→ DATASET EXTRACT:

━━━━━━━━

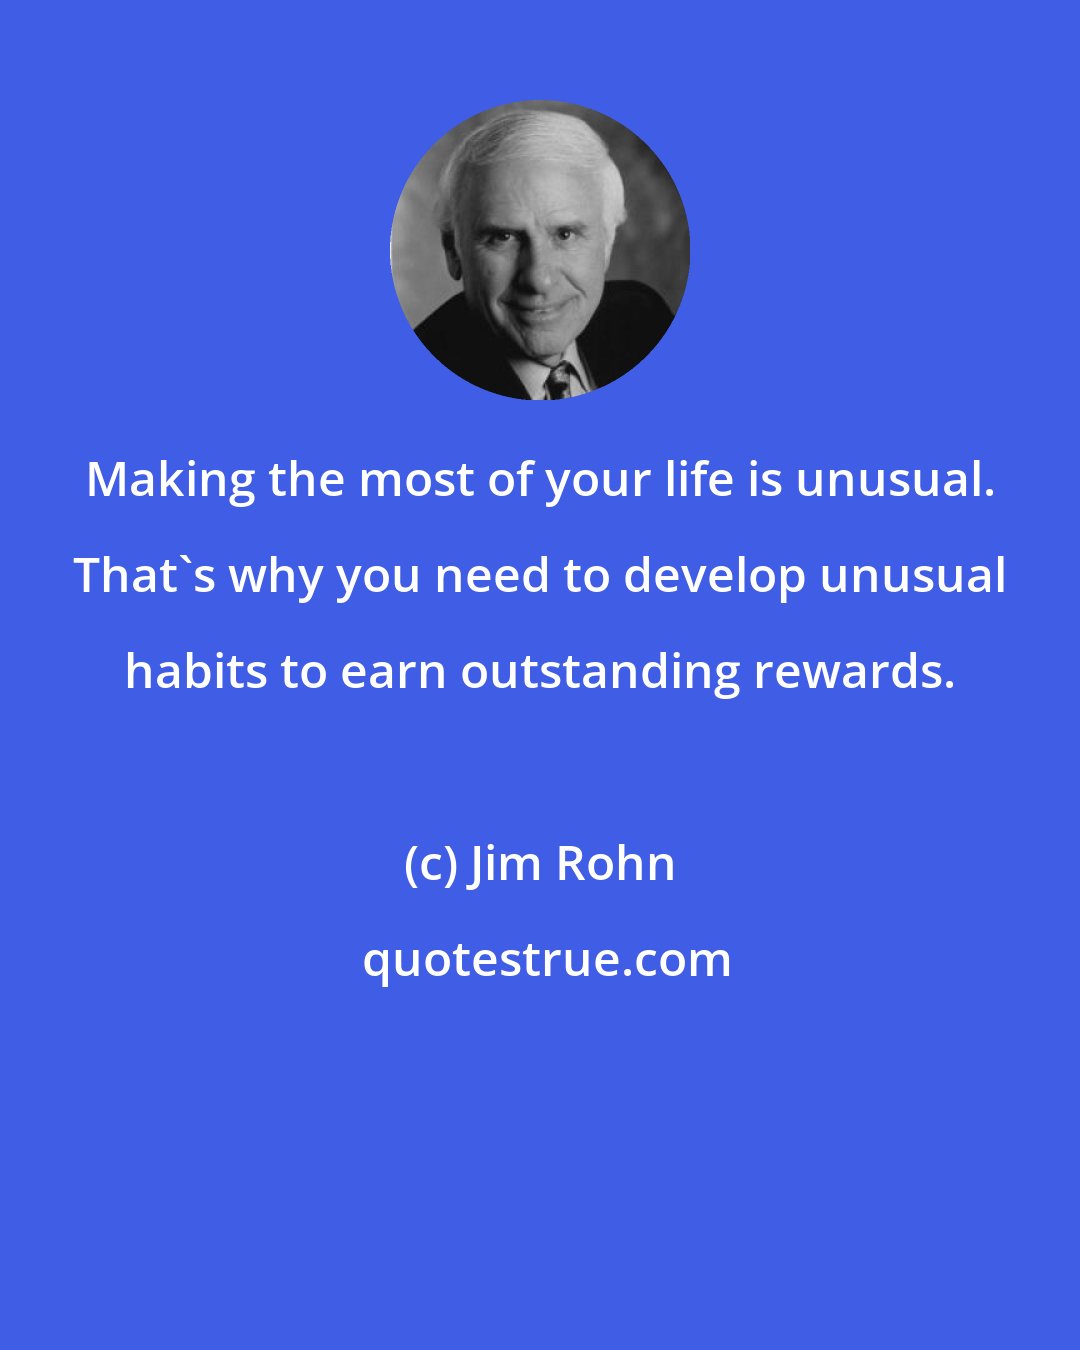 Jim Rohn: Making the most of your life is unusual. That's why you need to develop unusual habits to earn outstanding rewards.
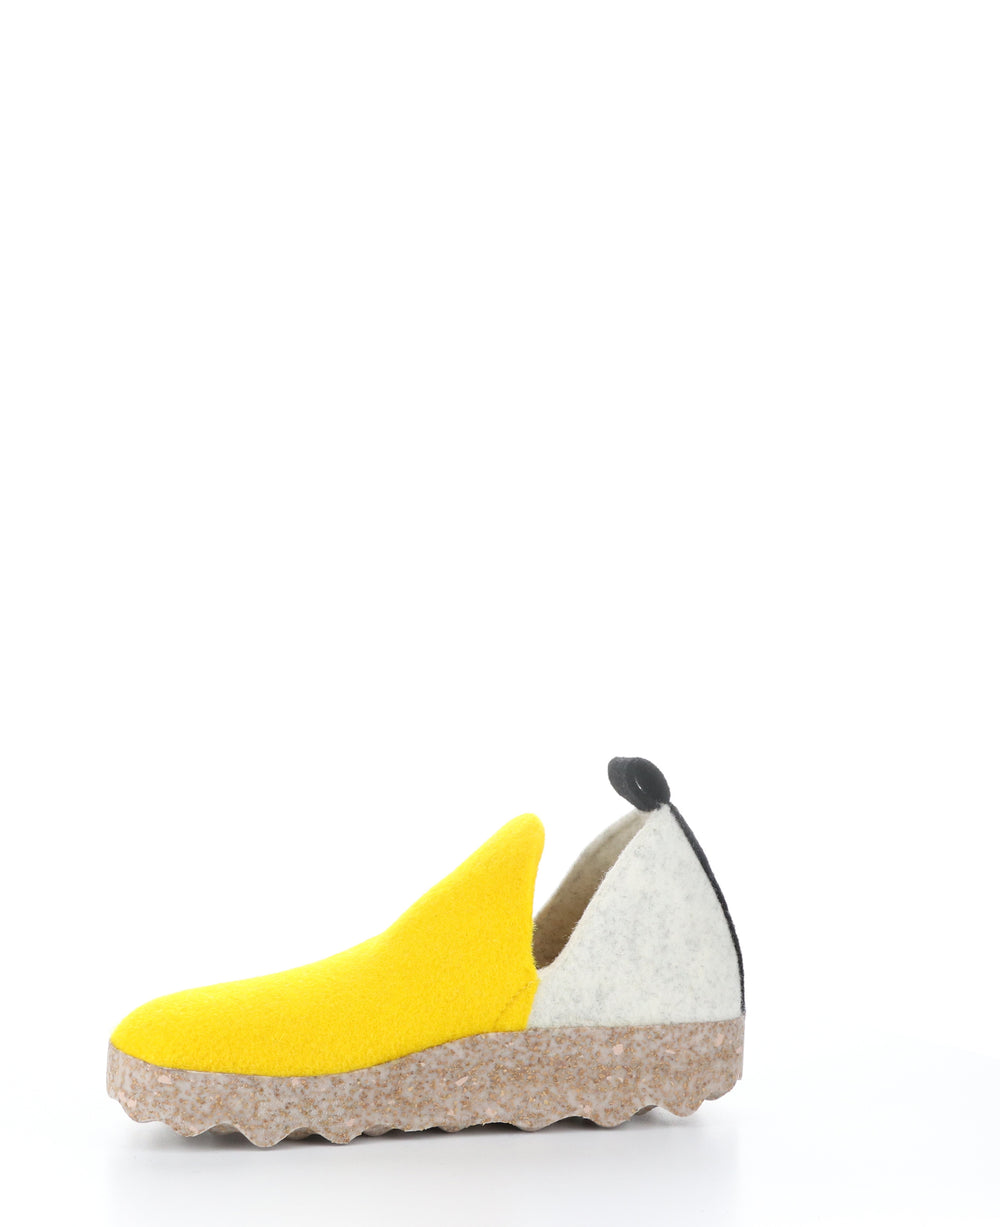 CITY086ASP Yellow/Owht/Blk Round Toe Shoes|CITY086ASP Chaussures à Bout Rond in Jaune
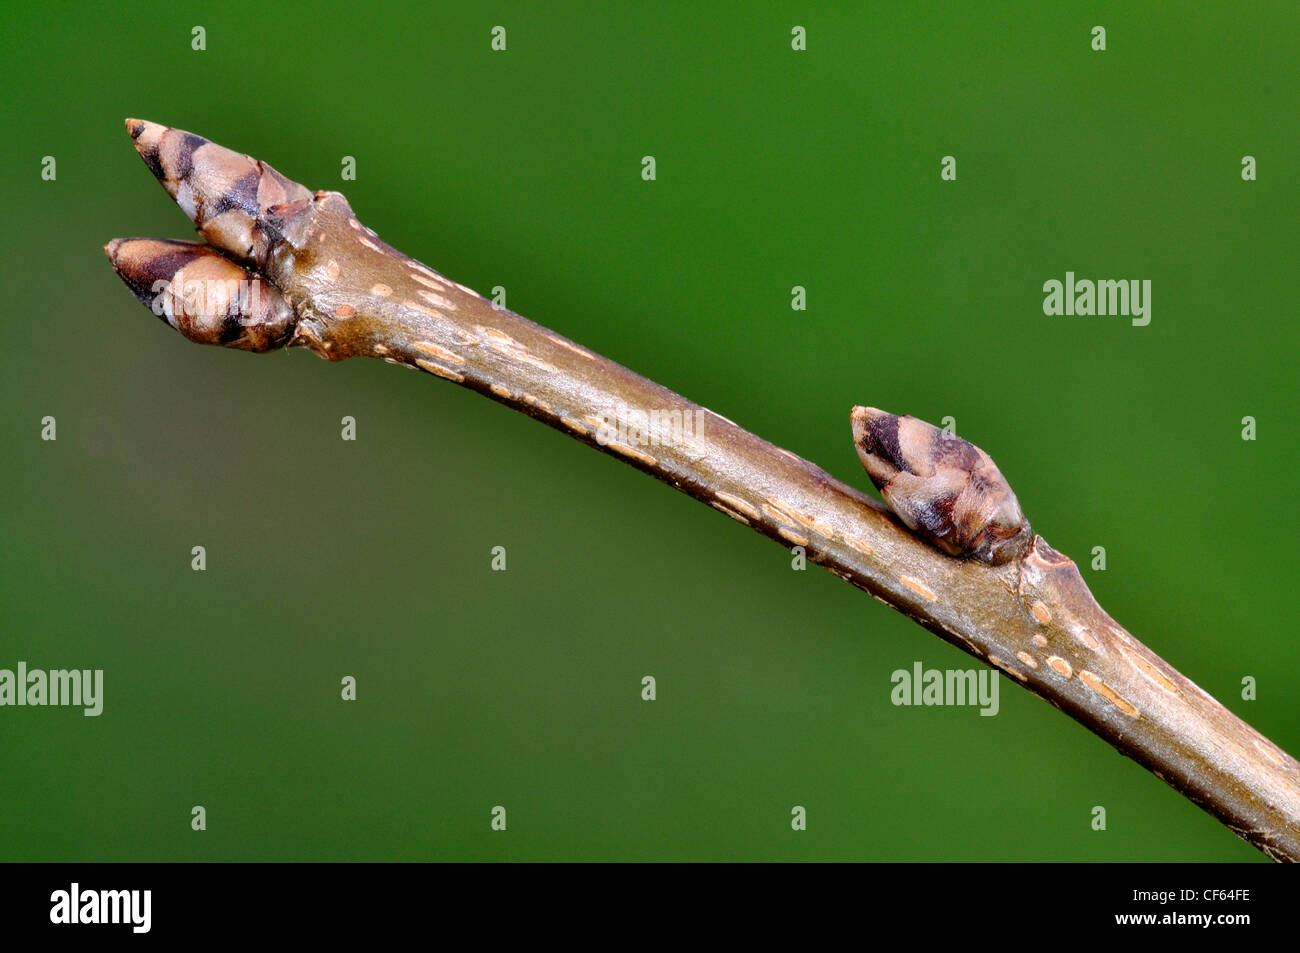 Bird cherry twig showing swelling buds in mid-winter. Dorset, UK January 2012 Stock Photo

━━━━━━━━

→ WHAT IS EXPECTED:
Before handing back the copy, remove the pictures; otherwise print the data exactly.

→ PROBLEM SOLUTION:
 Jim Rohn: Making the most of your life is unusual. That's why you need to develop unusual habits to earn outstanding rewards.
 CITY086ASP Yellow/Owht/Blk Round Toe Shoes|CITY086ASP Chaussures à Bout Rond in Jaune
 Bird cherry twig showing swelling buds in mid-winter. Dorset, UK January 2012 Stock Photo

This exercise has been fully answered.